Skipton Financial Services
Thursday, June 8, 2017 - 10:39

What are the new inheritance tax rules?

In April 2017, new inheritance tax rules were introduced and it’s really important that you understand them.

Because by knowing the facts now, you may be able to put the right plans in place to help your loved ones in the future if you have an inheritance tax liability, click here to find out more about thresholds.

Basically, the new rules mean a residence nil rate band can now be used on top of your existing threshold to cover all, or some, of any residential property you own. This additional allowance is currently £100,000 per individual, but will gradually increase to £175,000 by April 2020.

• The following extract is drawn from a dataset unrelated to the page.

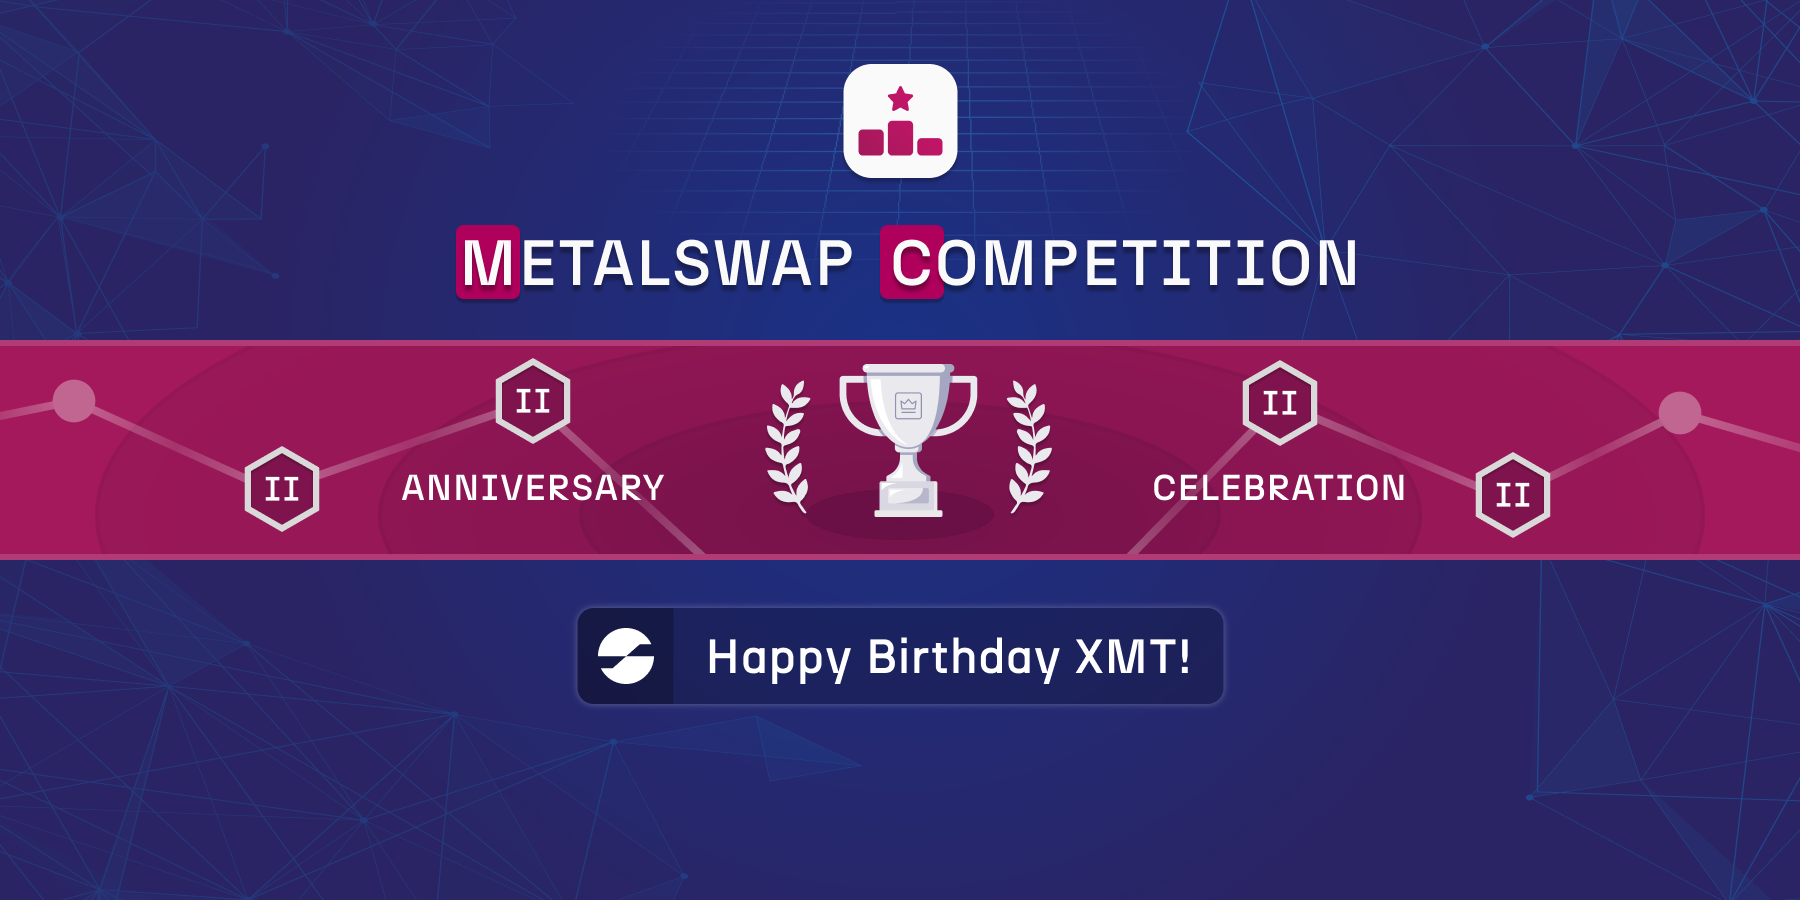 MetalSwap Competition - Happy Birthday XMT [TWITTER]

While this change aims to reduce the amount of families paying inheritance tax, not everyone will benefit. Here are a few reasons why:

Extra allowance doesn’t apply in all circumstances

Only your direct descendants, such as children or grandchildren, will be eligible to benefit from this allowance. So if you’re planning on leaving your house to a close friend, niece or nephew, unfortunately you won’t be entitled to it.

“As a first step, you should look into whether you might be affected - which is something we can assist you with. There are a number of simple, cost effective solutions available, and we can help you to devise a plan that’s right for your circumstances.”

Mark Butterworth, Head of Technical Services. 

It can only be used for your residential properties

Although this allowance covers any residential homes you own, you can’t use it to cover your buy to let properties.

House prices

As UK property prices are increasing, particularly in London and the South East, the allowance may not be enough. According to November 2016 forecasts by Savills, average house prices in the South East will be £366,200 by 2021.

Your estate is much more than just your home

Savings and investments, car, land, and even jewellery are all classed as forming part of your estate. The new rule will help some people, however many will still be affected due to the overall estate being much more than the threshold.

Unsure if you’re liable?

If you aren’t sure about the rules, we can help you.

By speaking to us now, we could make a huge difference to your family’s future.

Please remember that some areas of Inheritance Tax (IHT) Planning are not regulated by the Financial Conduct Authority. Some IHT planning solutions put your capital at risk so you may get back less than you originally invested. IHT thresholds depend on your individual circumstances and prevailing legislation, both of which may change in the future.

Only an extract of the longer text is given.